Retire don’t Expire! by Steve Amoss

Thursday, 20 June, 2024

Retirement can be a wonderful next chapter in your life, but it can also be somewhat unsettling, with many people struggling with this huge change. It can be a journey of discovery and fulfilment and open-up many new possibilities that have perhaps never been fulfilled because life, and work, kept getting in the way. The exciting new book ‘Retire…don’t Expire’ will help you navigate your way through those early years when your whole life is about to change. But learning how to retire is key. You’ll have new opportunities, new priorities, and a whole host of things you may not expect! I wrote this book as a guide to help people recognise the many different aspects of their lives that are going to change, and hopefully help direct them away from the many mistakes I made!
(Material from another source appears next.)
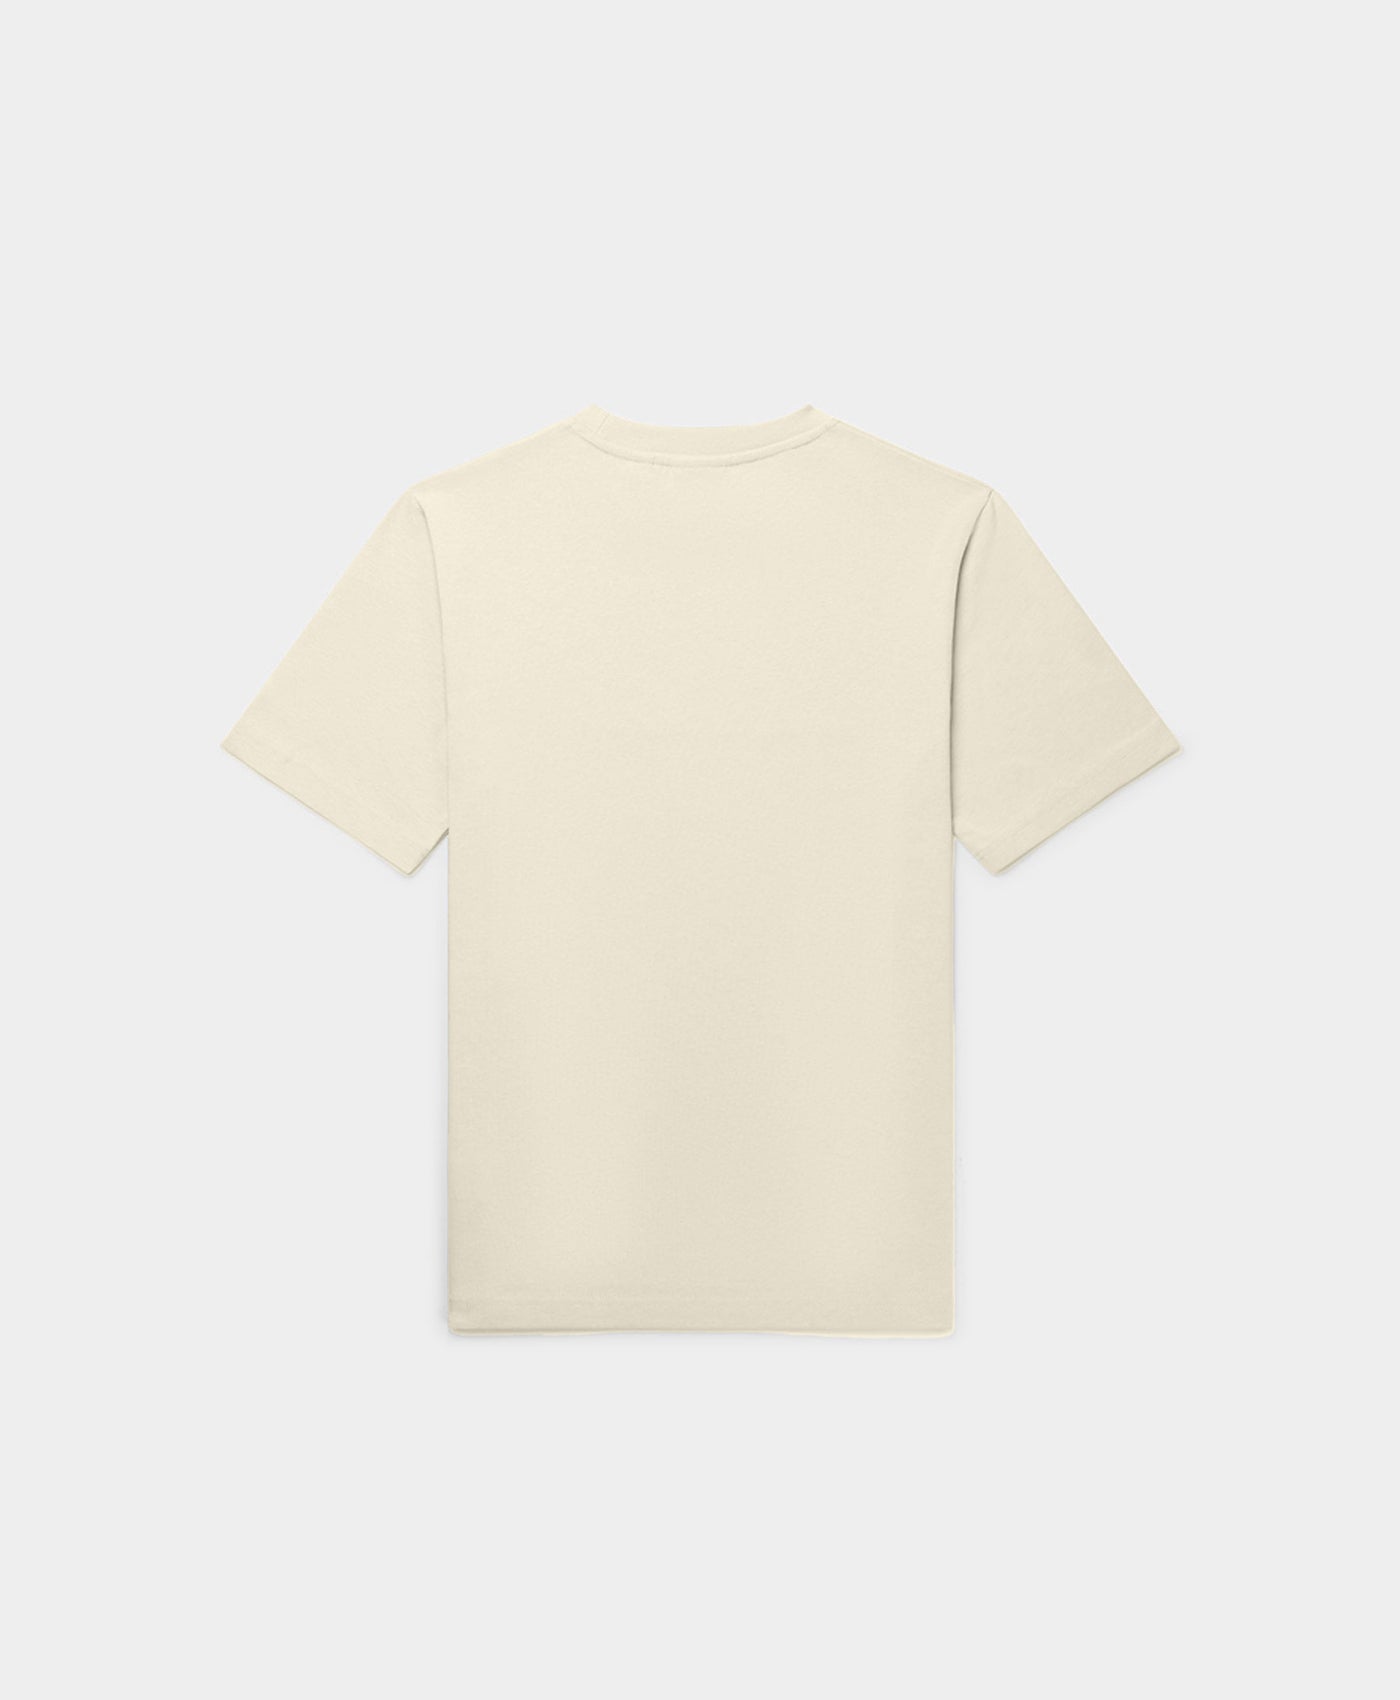 DP - Overcast Beige Alias T-Shirt - Packshot - Rear

Retirement isn’t simply an event that occurs at point later in life; it’s more of a process, often made up of different stages.  If you’re going to make the transition as smooth and successful as possible, understanding what you’re about to go through, or indeed, are going through, is fundamental to a long and happy retirement. And retirement doesn’t just affect you, it will also affect all those around you. But here’s the good news; you can make some adjustments to your transition into retirement that will make a huge difference to your happiness and sense of fulfilment. Working out what’s important to you, and why, is fundamental. Don’t waste time like I did trying to figure it out, making lots of mistakes along the way as the clock ticks down. Reading my book will help you avoid pitfalls and make great choices that will lead to a long and successful retirement. The book is not about financial planning or managing investments, but about helping you understand the journey you are about to embark upon, including the importance of significance, structure, routine, expectations and having fun and being spontaneous.

Now if you are anything like me, you’ve probably had thoughts about retirement for some time, and before you knew it, it’s crept up on you, that day arrives and you’re not fully prepared. Suddenly there’s no rules! There’s no one telling you what you can or can’t do (unless you’re married…ok, cheap joke, but there’s more of those in the book!), where you need to be, or what the latest priority is. Now your priority is getting out of bed and facing up to the fact that your work, which possibly reinforced your sense of identity, is gone. For those people who had highly skilled careers, the loss of their status may leave them feeling somewhat disoriented. Those whose daily work experience was largely negative and/or filled with mindless monotony may well see retirement as a welcome relief. Either way, you are about to go through a huge change!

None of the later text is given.